Business Suggestions (Actionable Insights):

1. Prioritize infrastructure upgrades in high-outage areas, particularly focusing on weatherproofing, grid modernization (the increasing rise in trend in recent years may be due to the aging infrastructure), and incorporating smart grid technologies. With the data presented, seems like the grid is vulnerable to extreme weather events, which are becoming more frequent and severe with climate change.
2. Develop state-specific strategies for areas like California and Texas, where the impact of outages is high in terms of customer numbers and demand loss.
3. Integrate climate change impact assessments into planning phases to mitigate the trend of environmental-related outages.
4. Invest in renewable energy sources to reduce the impact of outages.
5. Strengthen the Cybersecurity infrastructure as it includes high restoration power and hence managing it beforehand would be great.
6. Streamline the necessary emergency response processes so that it can reduce average restoration hours for emergency alerts.
7. Invest in prediction analytics to anticipate potential outages and deploy necessary measures.
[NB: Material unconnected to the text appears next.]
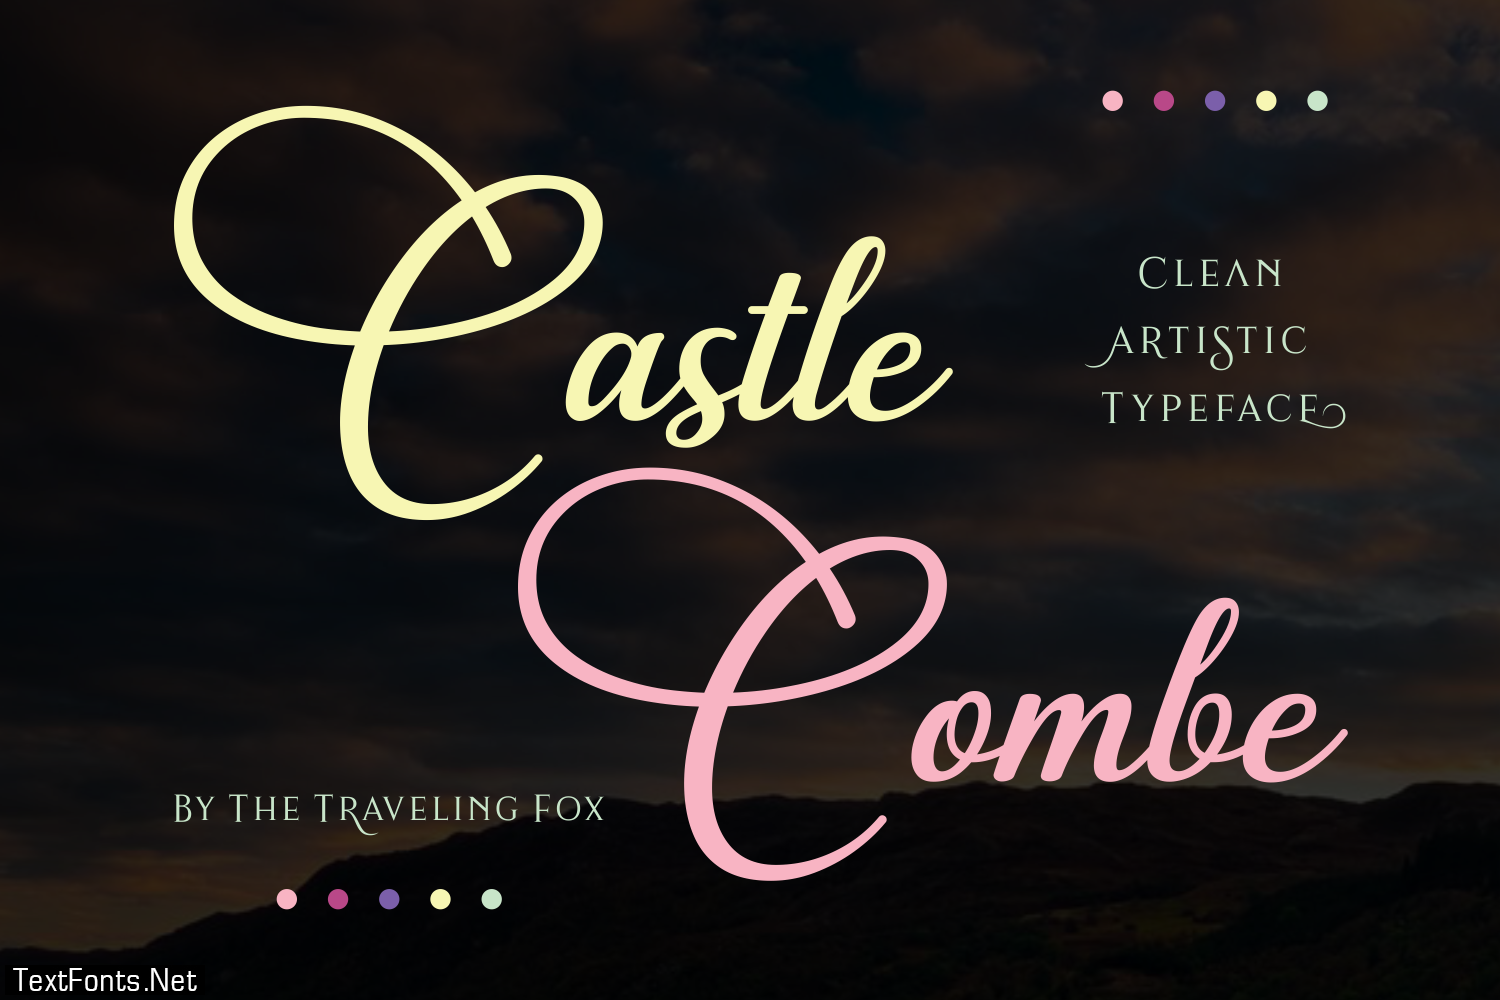 Castle Combe Font

Conclusion (Personal Experience):

There was a lot of learning involved from data cleaning to visualization. This gave me a real-time project experience. I survived this and hope I will survive the data world too! I have spent countless hours working on the data cleaning process - especially restoration date and time, as well as NERC and Areas, affected by deciding how to split values, what to consider for analysis, etc. There might for sure be a way to get through these challenges a bit easier, but with the skillset I have, I decided to take up this challenge and survive! With further projects, I’m sure I will find ways to optimize the process!